Background: There is evidence that unhelpful thoughts and distress regarding symptoms are associated with more frequent care utilization. Among people seeing a musculoskeletal specialist in person, we sought relationships between mental and social health factors and the number of 1) self-reported in-person healthcare contacts, 2) remote healthcare contacts, and 3) total healthcare contacts during the 6-week period prior to the visit.

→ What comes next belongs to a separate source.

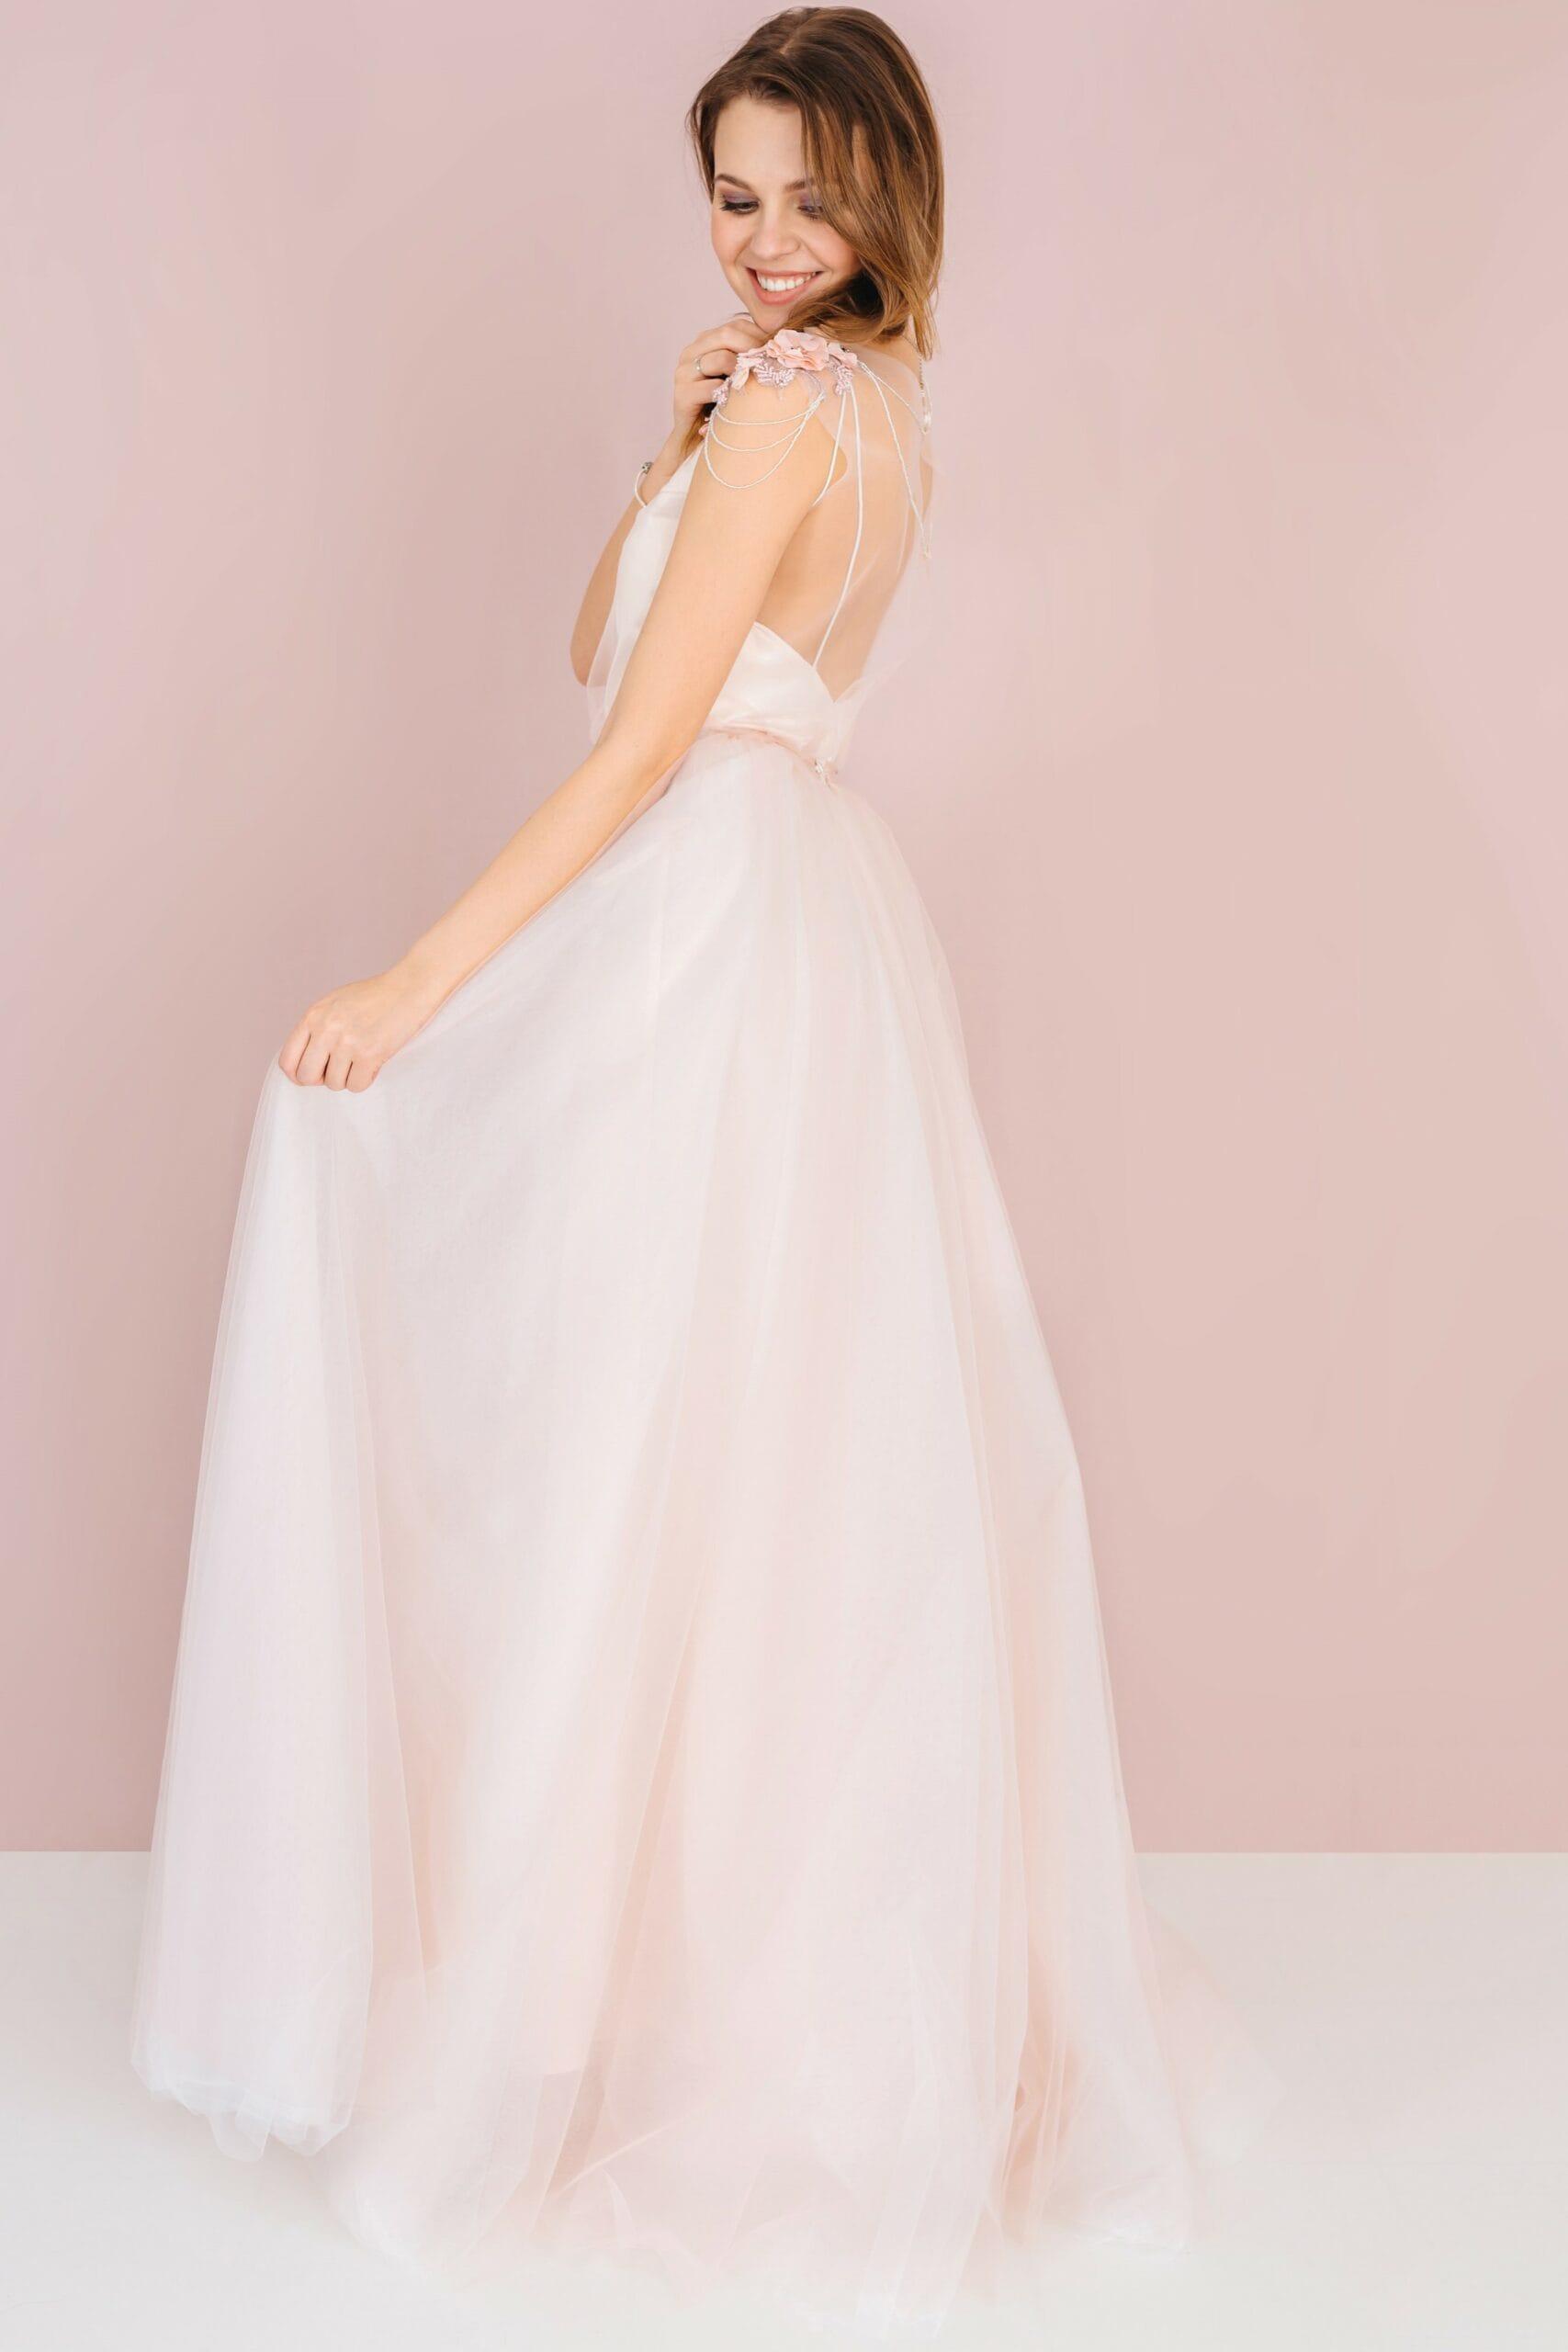 Свадебное платье BRITANY, коллекция LOFT, бренд RARE BRIDAL, фото 1

Methods: We enrolled 148 adult patients in a cross-sectional study of people visiting a musculoskeletal specialist for a new or return visit. Patients indicated the number of self-reported remote and in-person healthcare contacts, and completed measures of social health, unhelpful thoughts regarding symptoms, general distress, and demographics. Results: Accounting for potential confounding in multivariable analysis, more pre-visit self-reported in-person care episodes were independently associated with more unhelpful thoughts about symptoms [higher score on Negative Pain Thoughts Questionnaire (NPTQ), regression coefficient: 0.05, P < 0.05] and household income between $15000 and $29999 or $30000 and $49999. No factors were associated with the total number of pre-visit remote and in-person care contacts. Conclusion: The observation that patients with greater unhelpful thinking seek out more in-person care episodes for musculoskeletal symptoms supports the concept that comprehensive care strategies attentive to common unhelpful thoughts regarding symptoms could limit resource utilization.
心理和社会因素是否与使用医疗服务相关?
背景:有证据表明,对症状的无益想法和苦恼与更频繁地使用医疗服务有关。在亲自去看肌肉骨骼专科医生的人群中,我们寻找了心理和社会健康因素与以下几项之间的关系:1)自我报告的亲自医疗接触次数;2)远程医疗接触次数;3)就诊前 6 周内的总医疗接触次数。研究方法我们在一项横断面研究中招募了 148 名成年患者,研究对象是肌肉骨骼专科医生的新诊或复诊患者。患者填写了自我报告的远程和面对面医疗接触次数,并完成了社会健康、对症状的无益想法、一般痛苦和人口统计学测量。研究结果考虑到多变量分析中可能存在的混杂因素,就诊前自我报告的更多亲身就诊次数与更多对症状无益的想法(负性疼痛想法问卷(NPTQ)得分更高,回归系数:0.05,P < 0.05)以及家庭收入在 15000 美元至 29999 美元或 30000 美元至 49999 美元之间独立相关。没有任何因素与就诊前远程和面对面护理接触的总次数相关。结论观察发现,有更多无益想法的肌肉骨骼症状患者会寻求更多的面对面护理,这支持了一种观点,即针对常见症状的无益想法采取综合护理策略可限制资源利用率。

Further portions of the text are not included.